EXERCISE PROMPT: Everything in the data must be repeated exactly, apart from the pictures, which are left out.

DATASET EXCERPT:

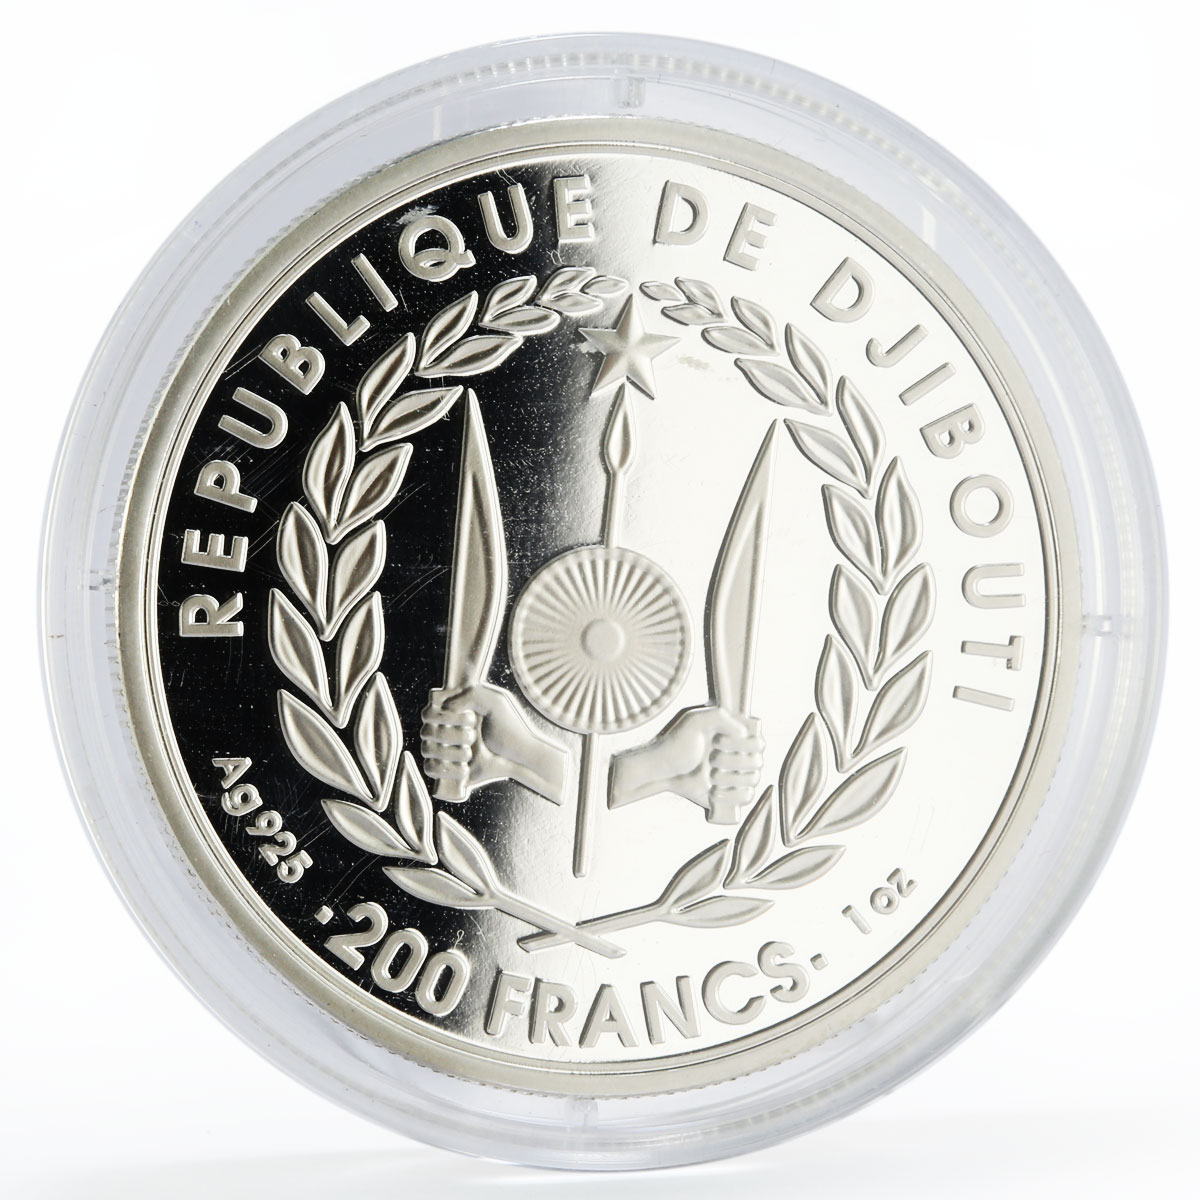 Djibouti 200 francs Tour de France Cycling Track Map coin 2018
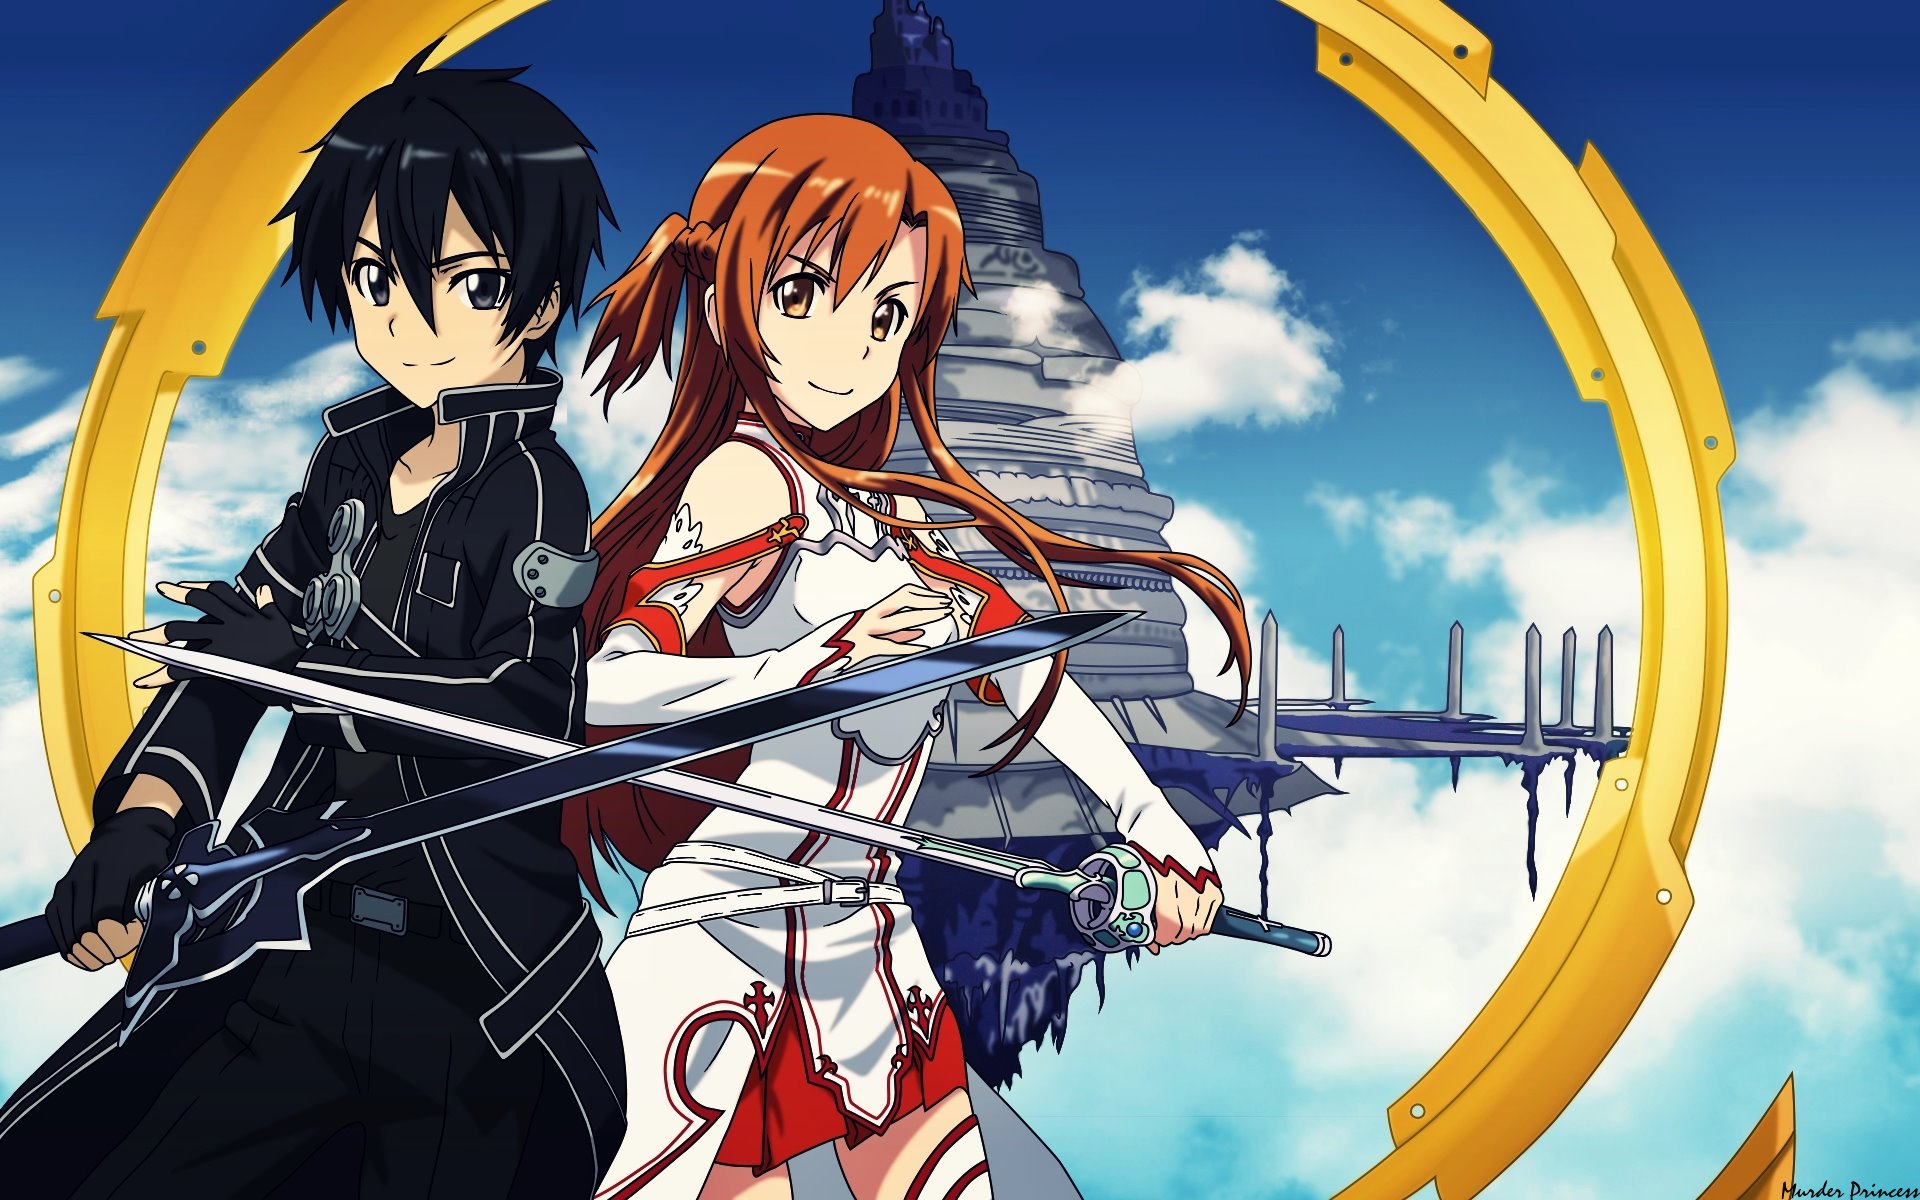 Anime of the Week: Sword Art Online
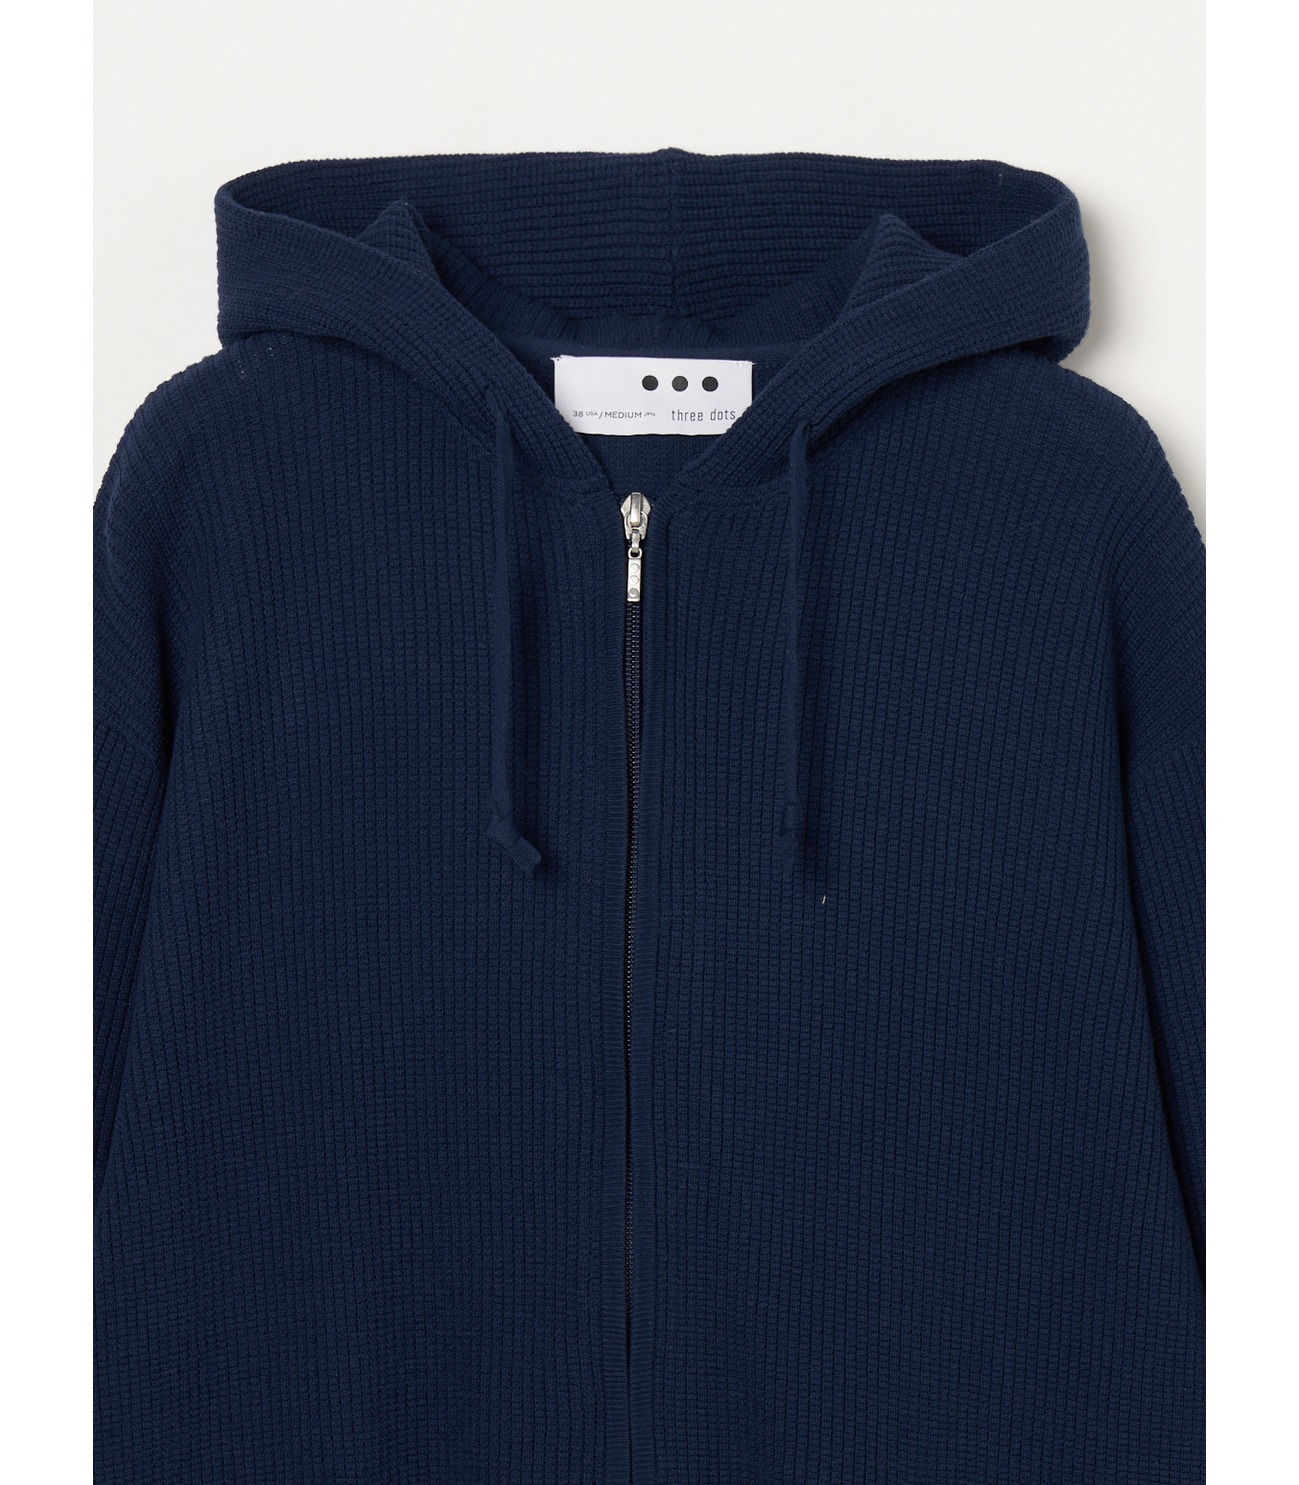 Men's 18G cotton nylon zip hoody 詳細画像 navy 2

SOLUTION FOR THIS EXERCISE:
 Djibouti 200 francs Tour de France Cycling Track Map coin 2018
 Anime of the Week: Sword Art Online
 Men's 18G cotton nylon zip hoody 詳細画像 navy 2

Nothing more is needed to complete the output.